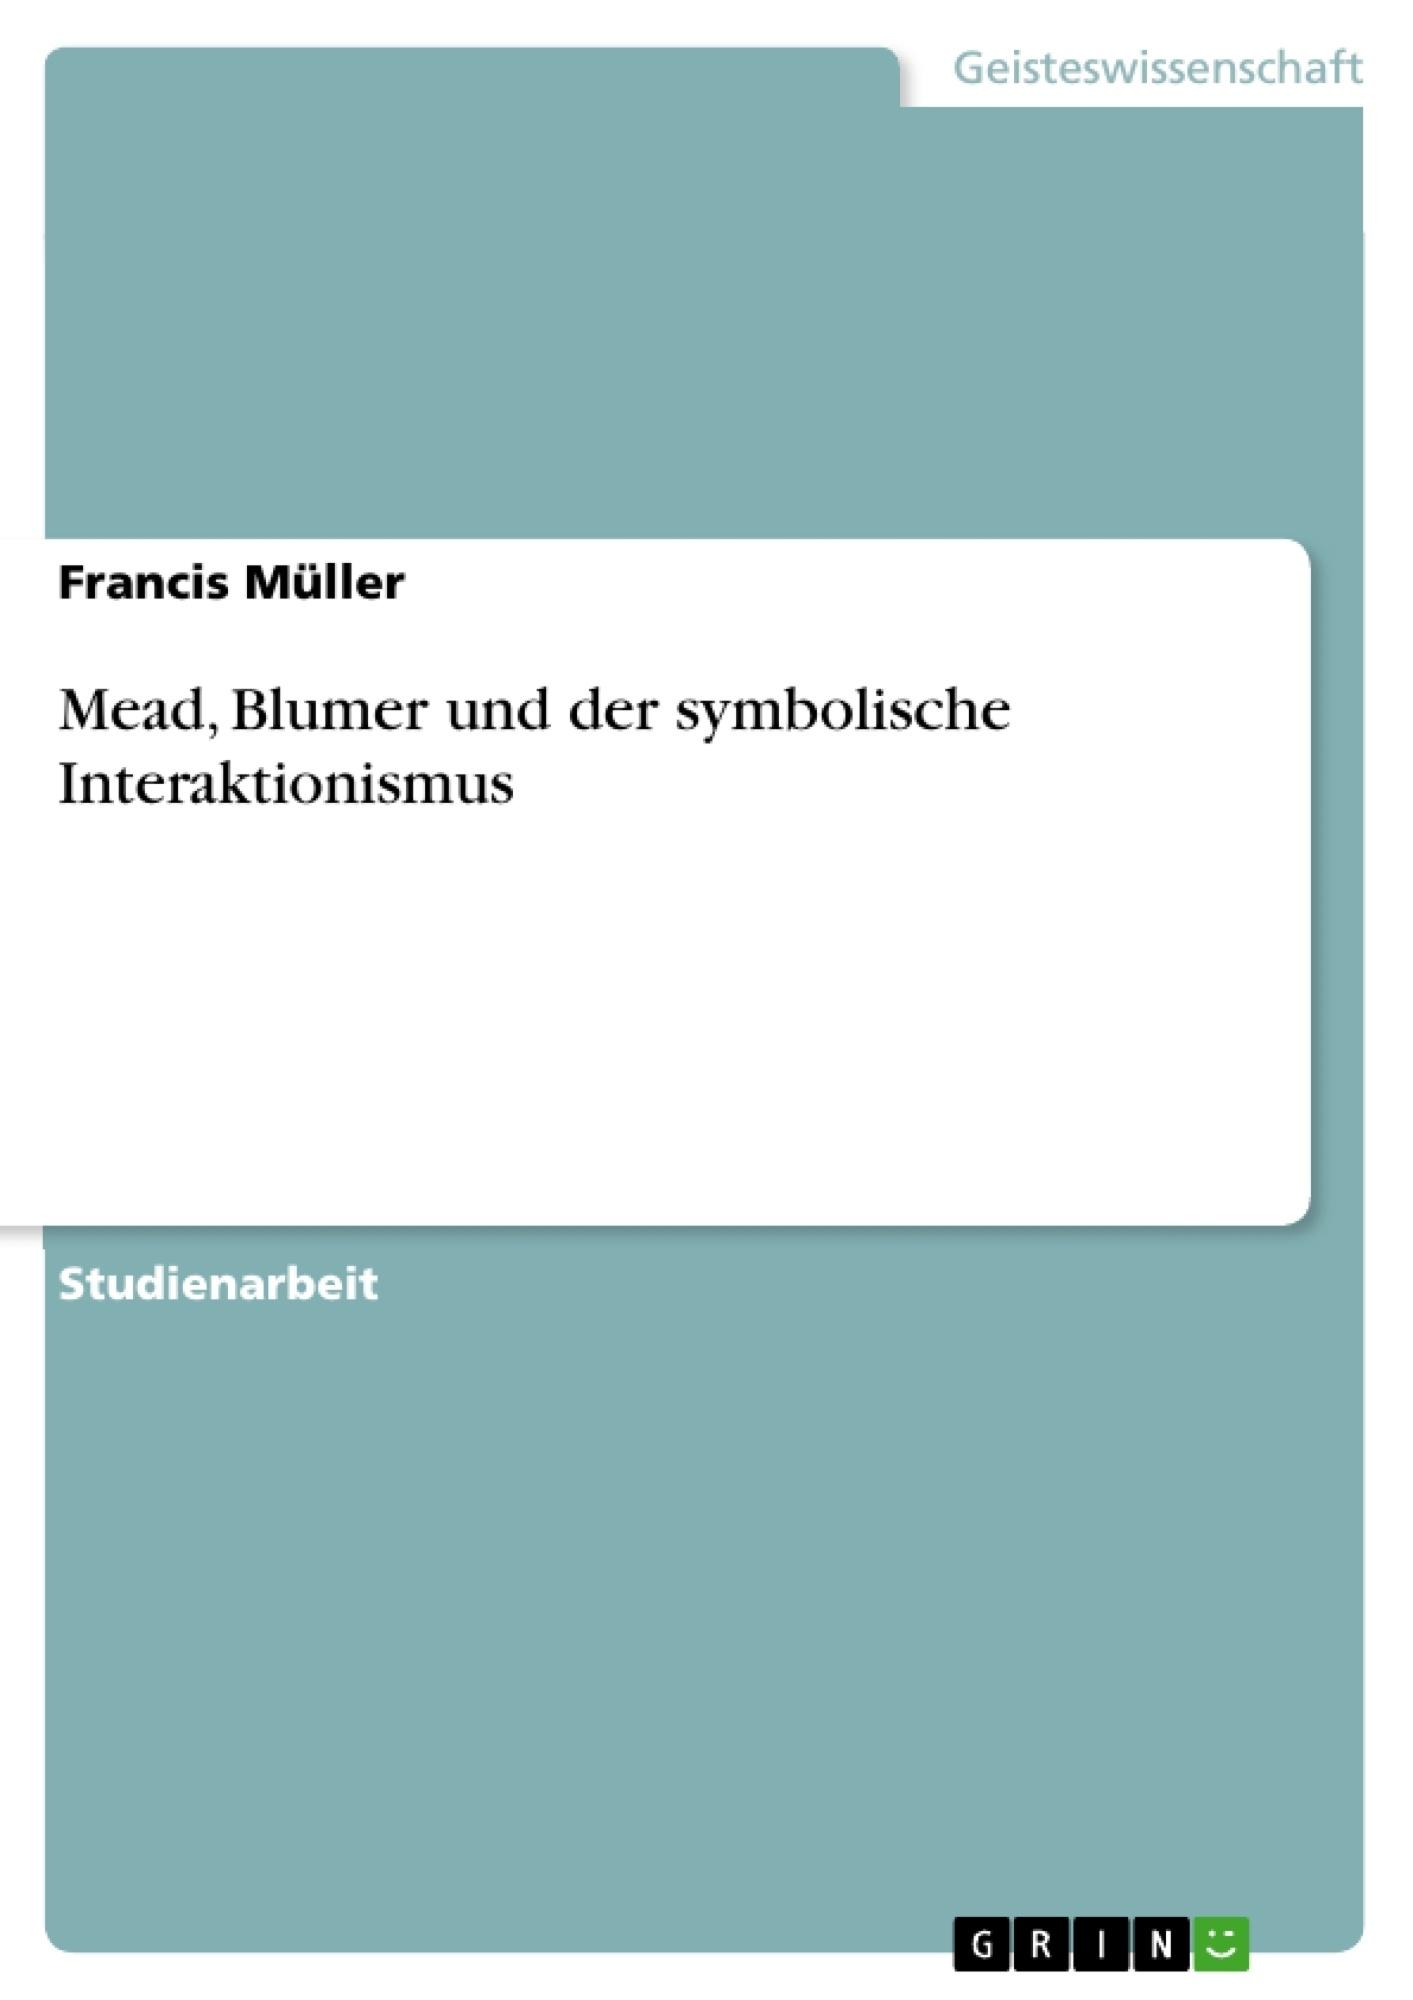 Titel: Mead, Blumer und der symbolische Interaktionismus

---

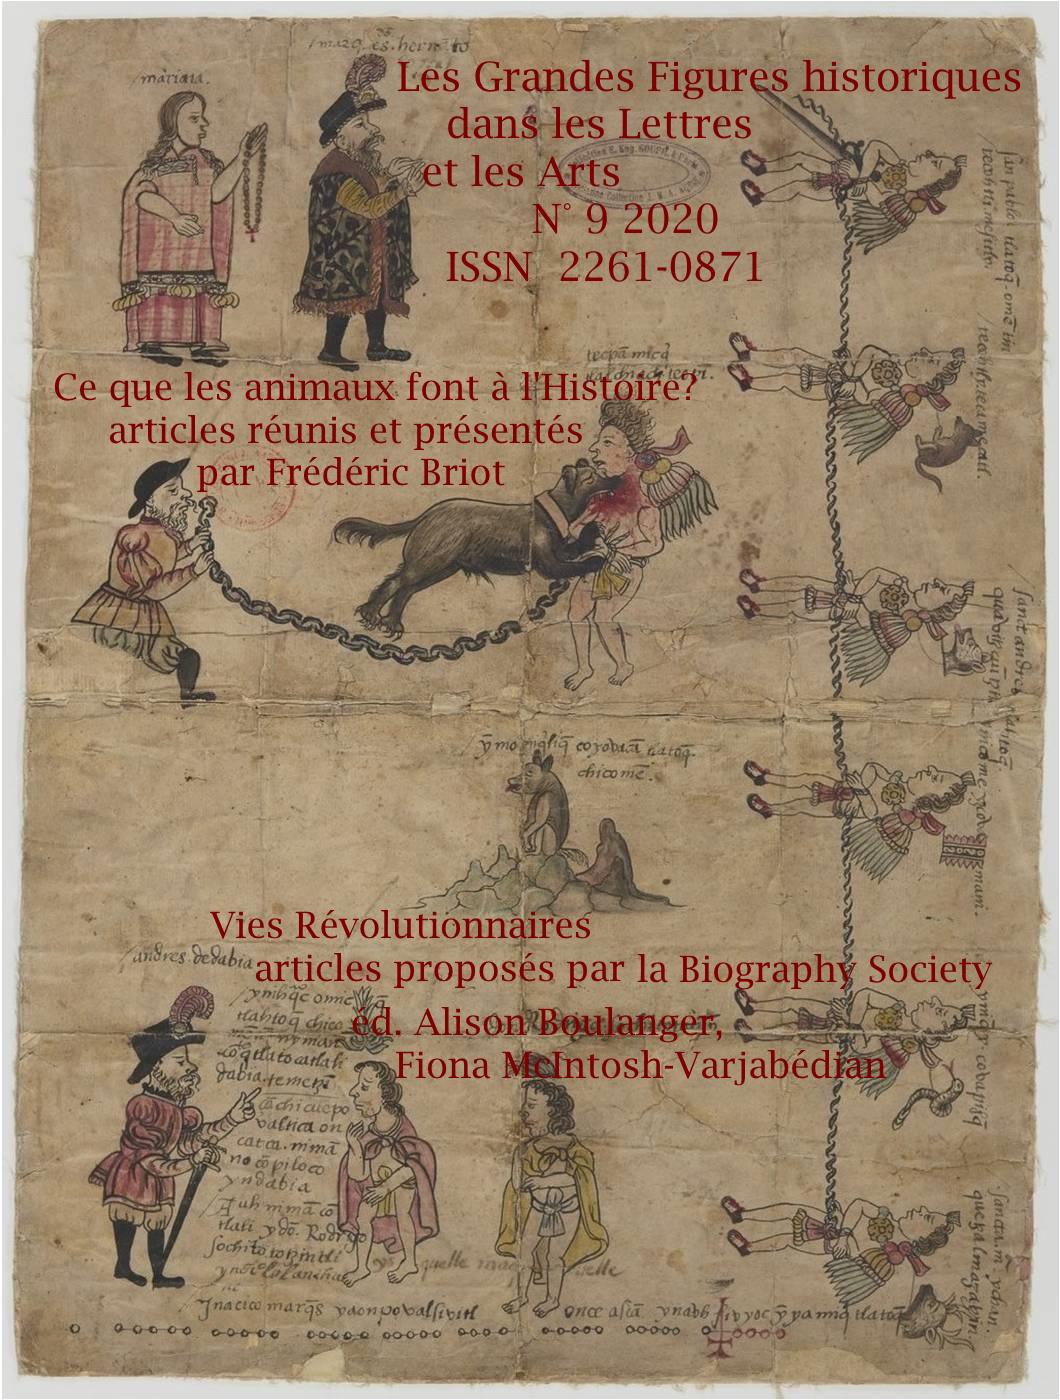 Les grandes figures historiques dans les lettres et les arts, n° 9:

* * *

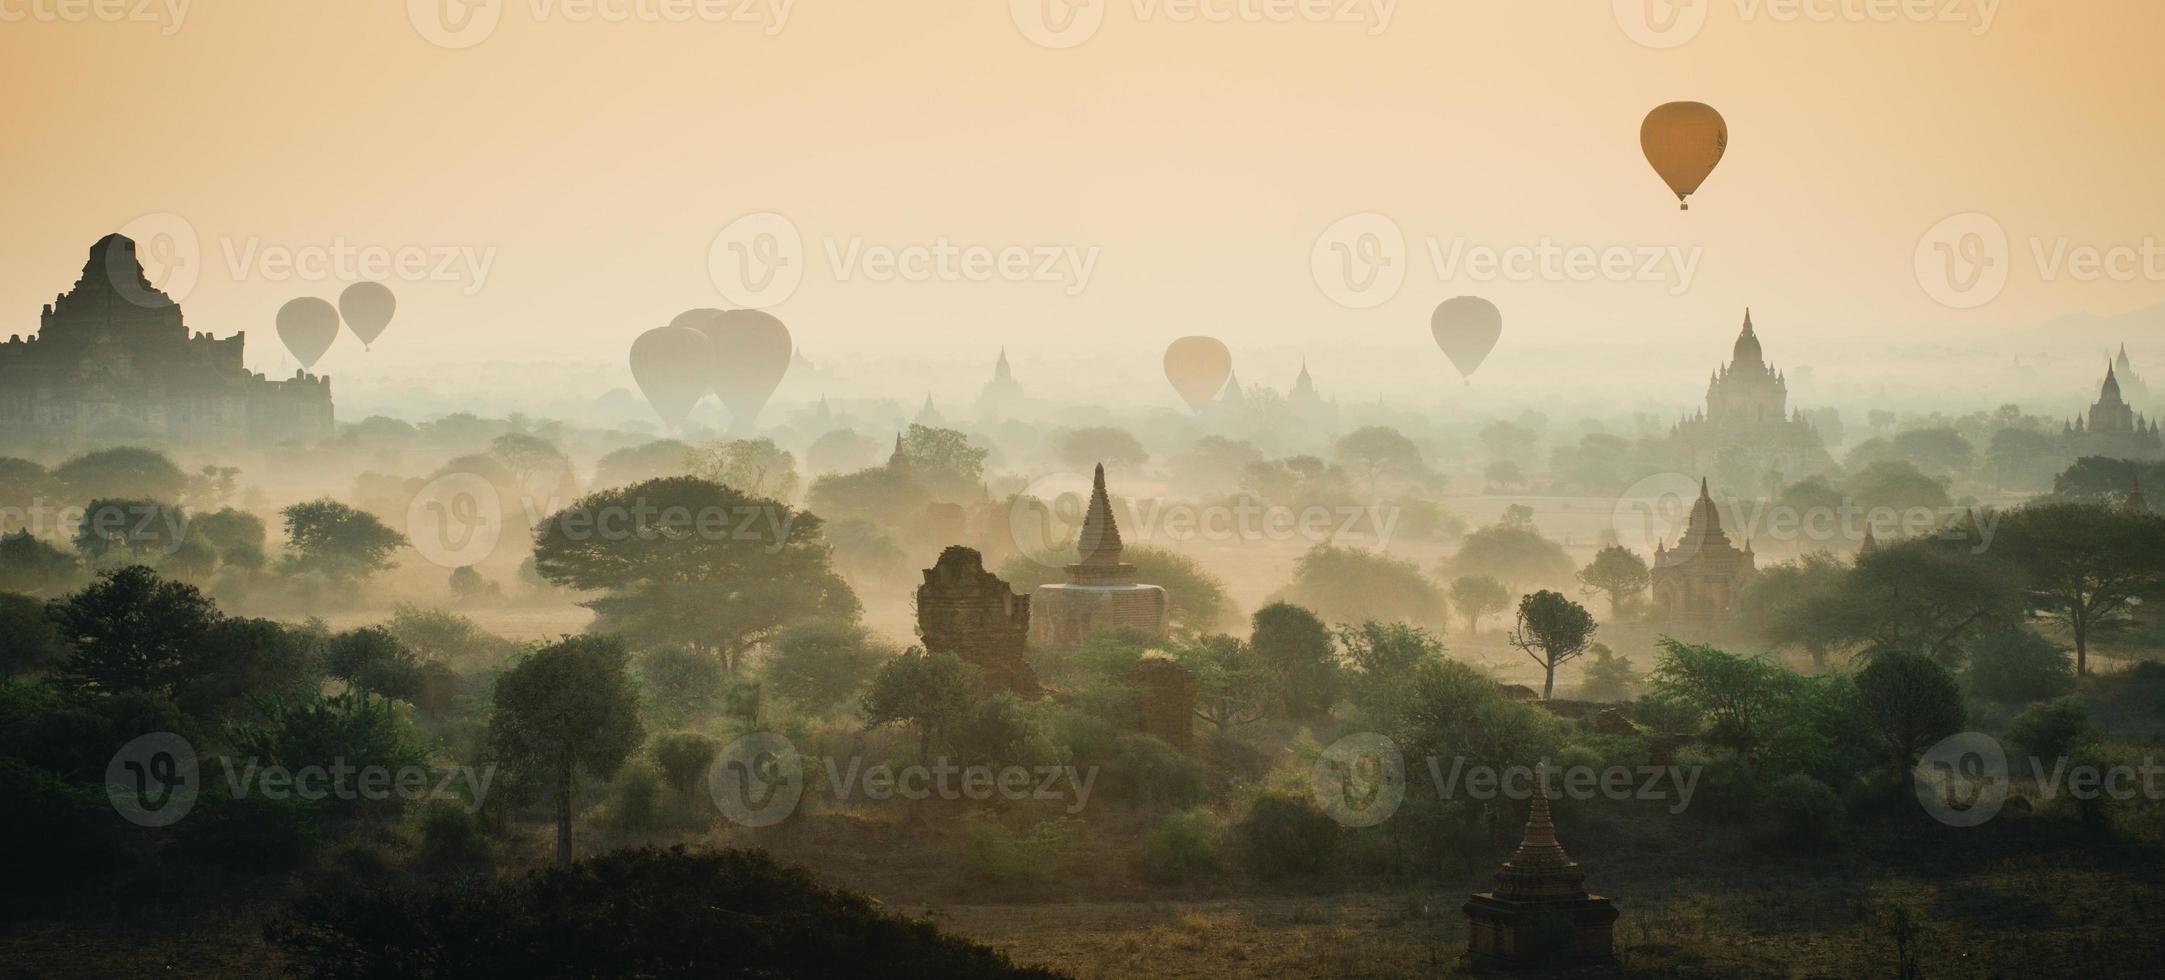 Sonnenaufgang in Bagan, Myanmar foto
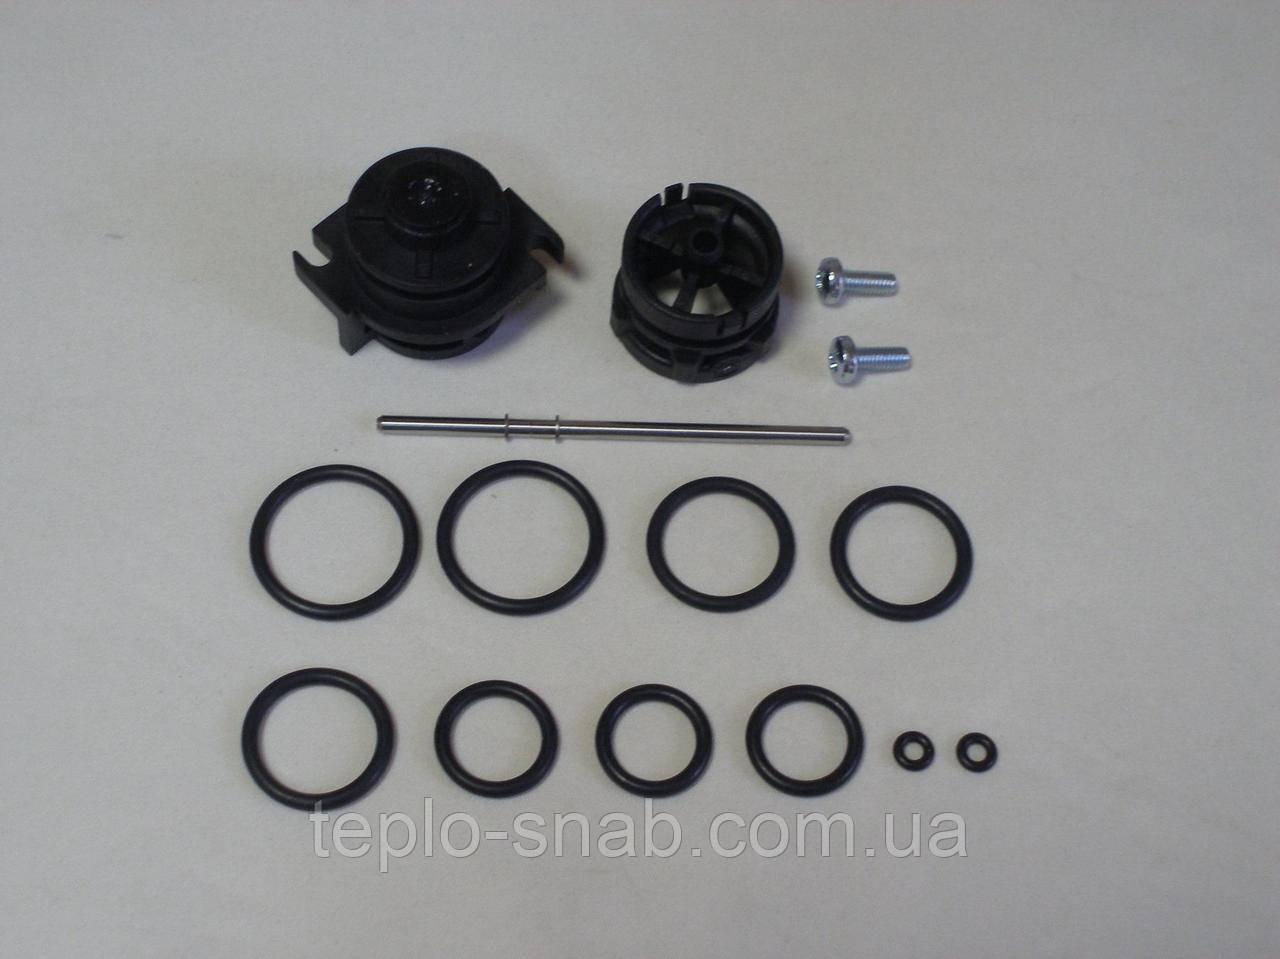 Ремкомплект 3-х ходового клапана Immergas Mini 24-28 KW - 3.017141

■ Problem to work on: Reproduce the listing above from the line that holds "Sonnenaufgang in Bagan, Myanmar foto" through the line that holds "Ремкомплект 3-х ходового", both included, with the pictures left out.

■ Written answer:
 Sonnenaufgang in Bagan, Myanmar foto
 Ремкомплект 3-х ходового клапана Immergas Mini 24-28 KW - 3.017141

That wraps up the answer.